▶ **Required work**
Print nothing but the lines below starting at the line that holds "sorrow~ =( by NicNic" and ending at the line that holds "Marks & Spencer", including both, each exactly as written.

▶ **Entries shown**
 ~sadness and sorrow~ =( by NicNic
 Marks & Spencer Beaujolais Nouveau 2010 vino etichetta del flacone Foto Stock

--

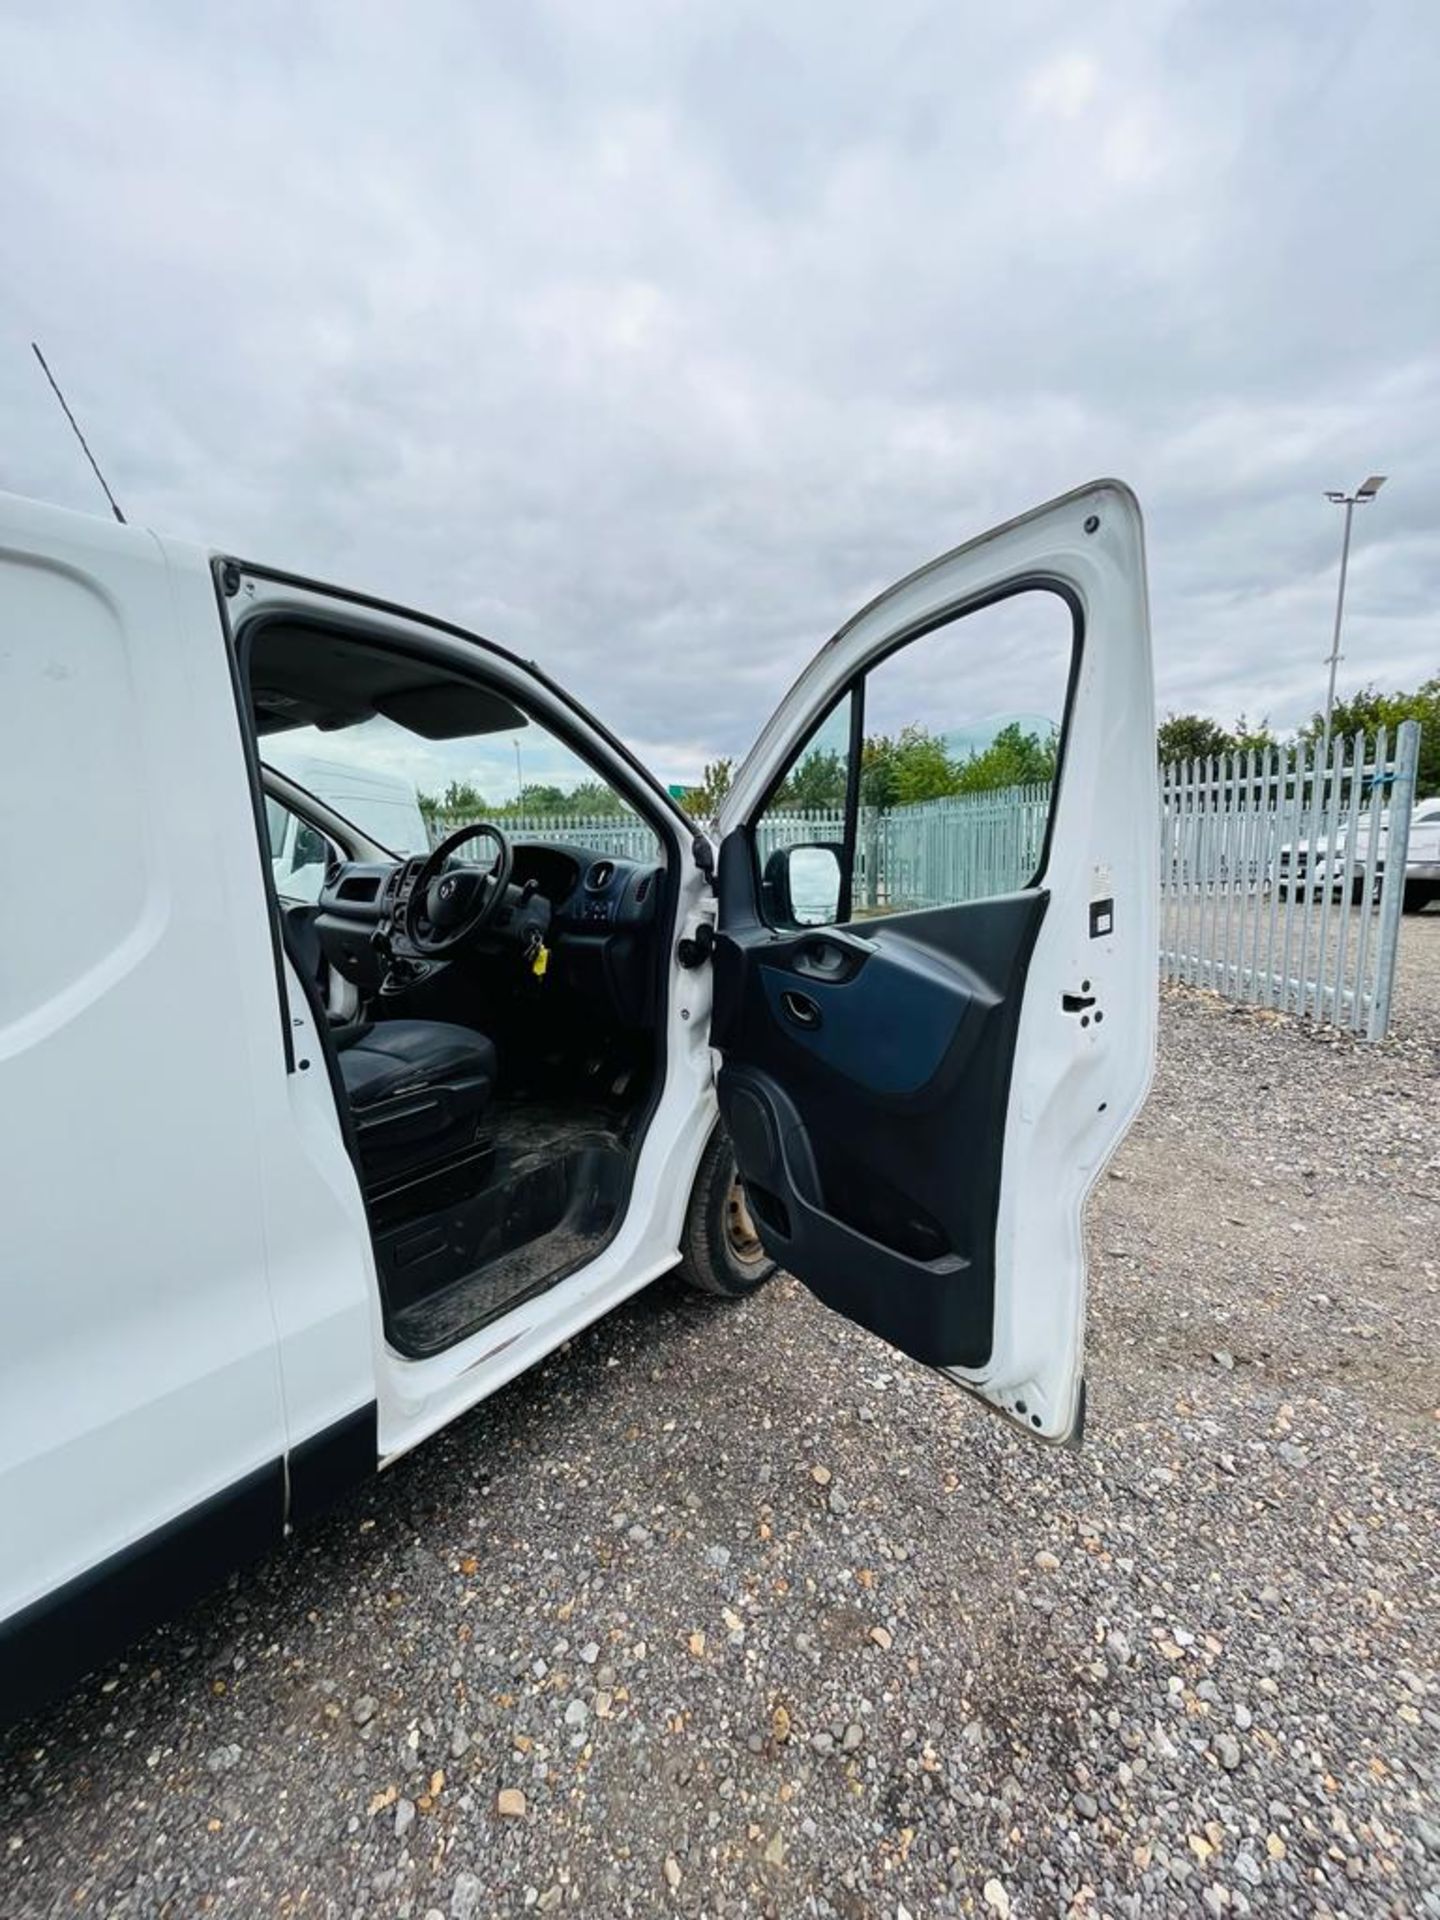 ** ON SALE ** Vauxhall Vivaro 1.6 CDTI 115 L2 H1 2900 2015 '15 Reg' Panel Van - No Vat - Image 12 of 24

...

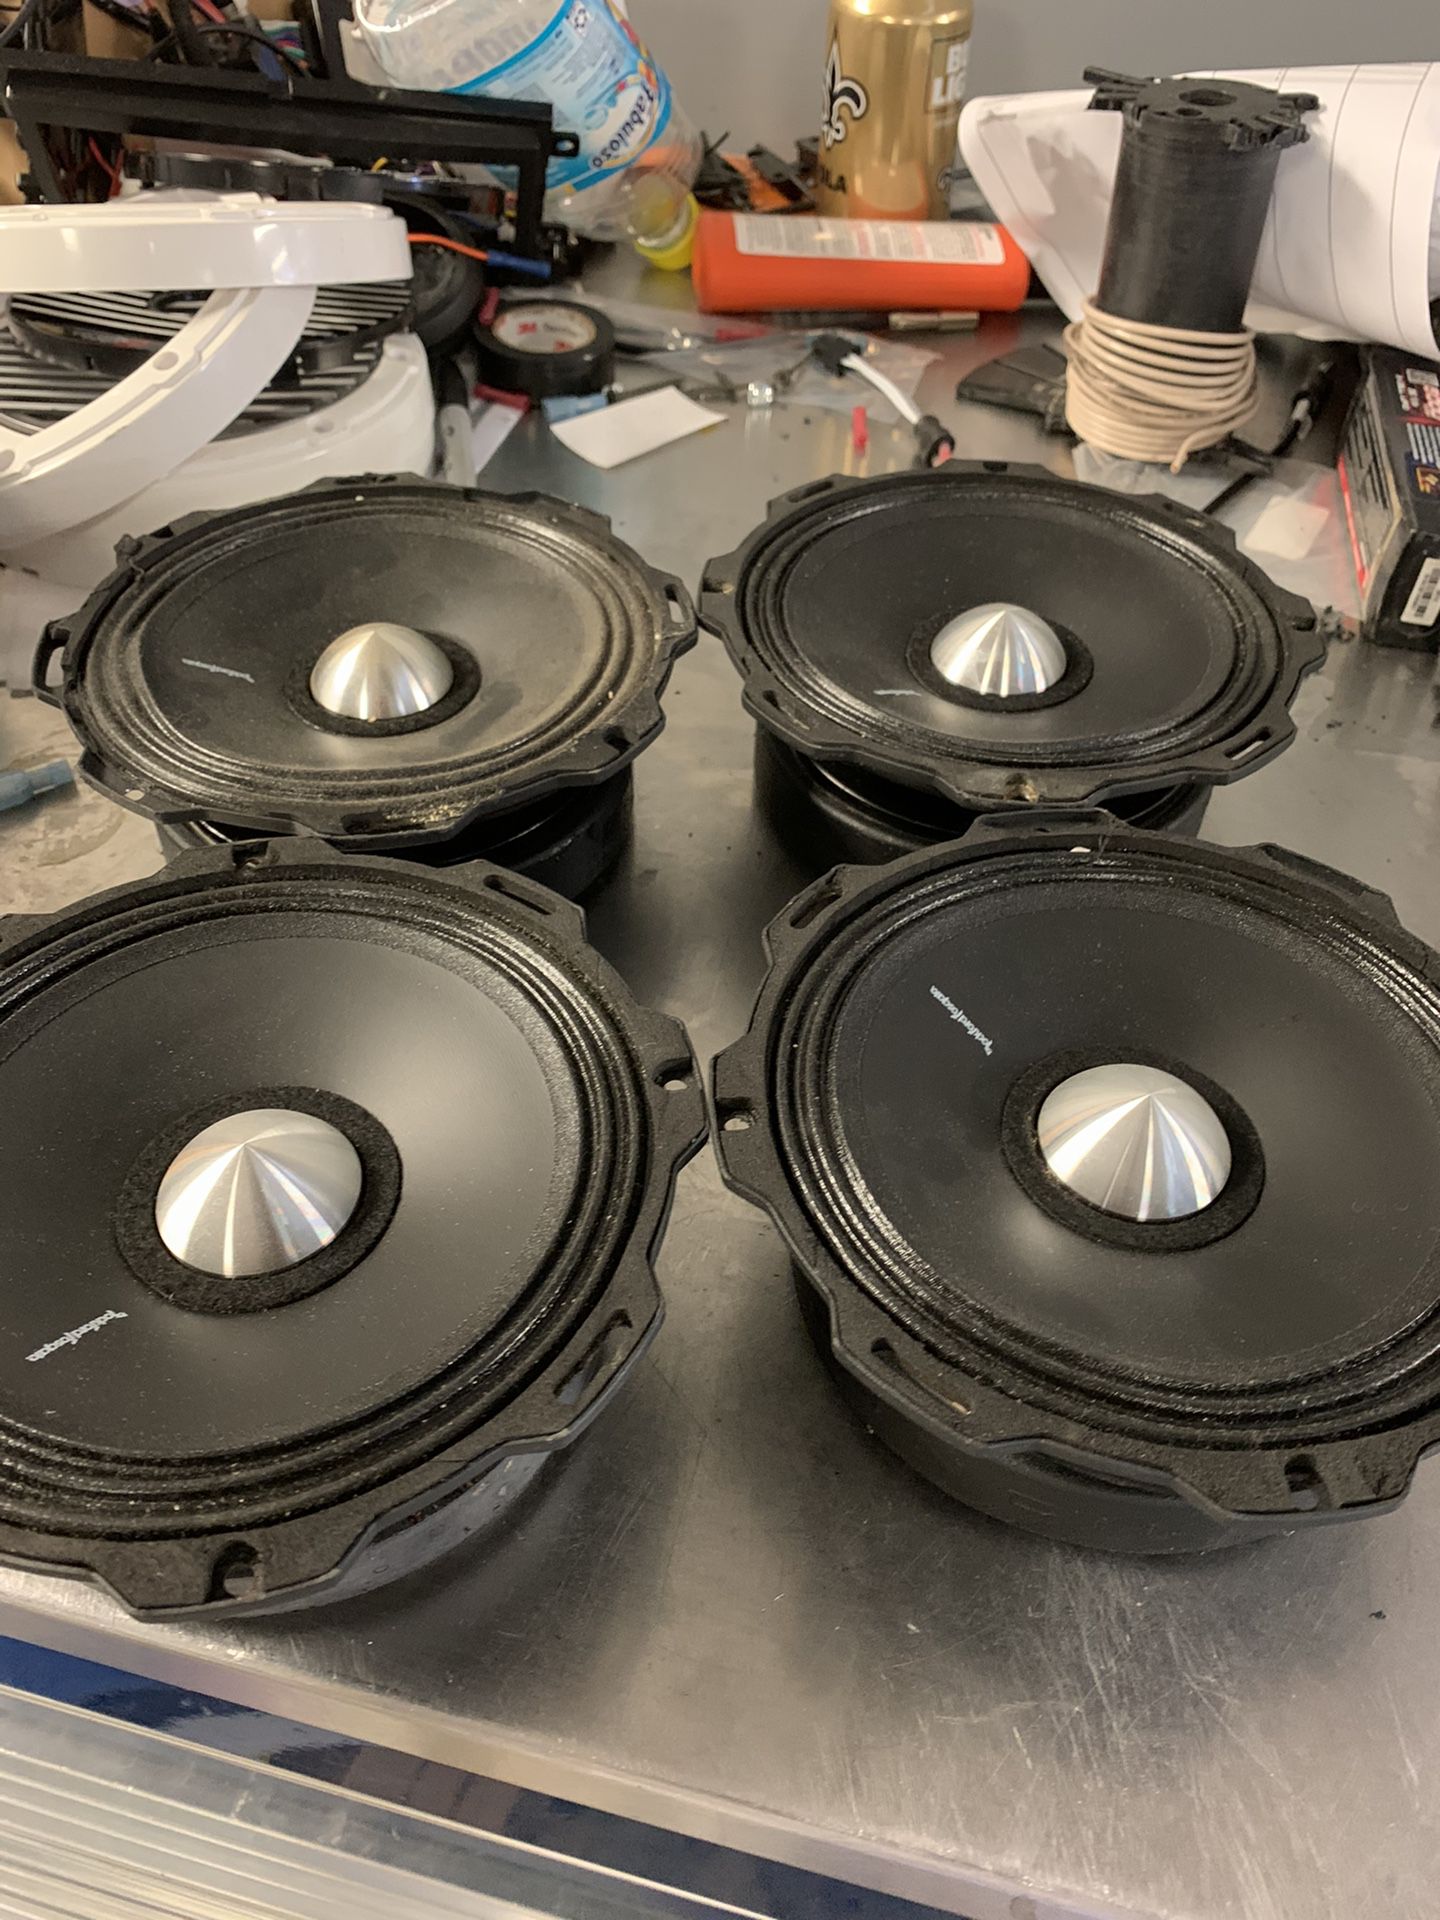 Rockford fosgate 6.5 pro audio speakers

▶ **Exercise solution**
 ~sadness and sorrow~ =( by NicNic
 Marks & Spencer Beaujolais Nouveau 2010 vino etichetta del flacone Foto Stock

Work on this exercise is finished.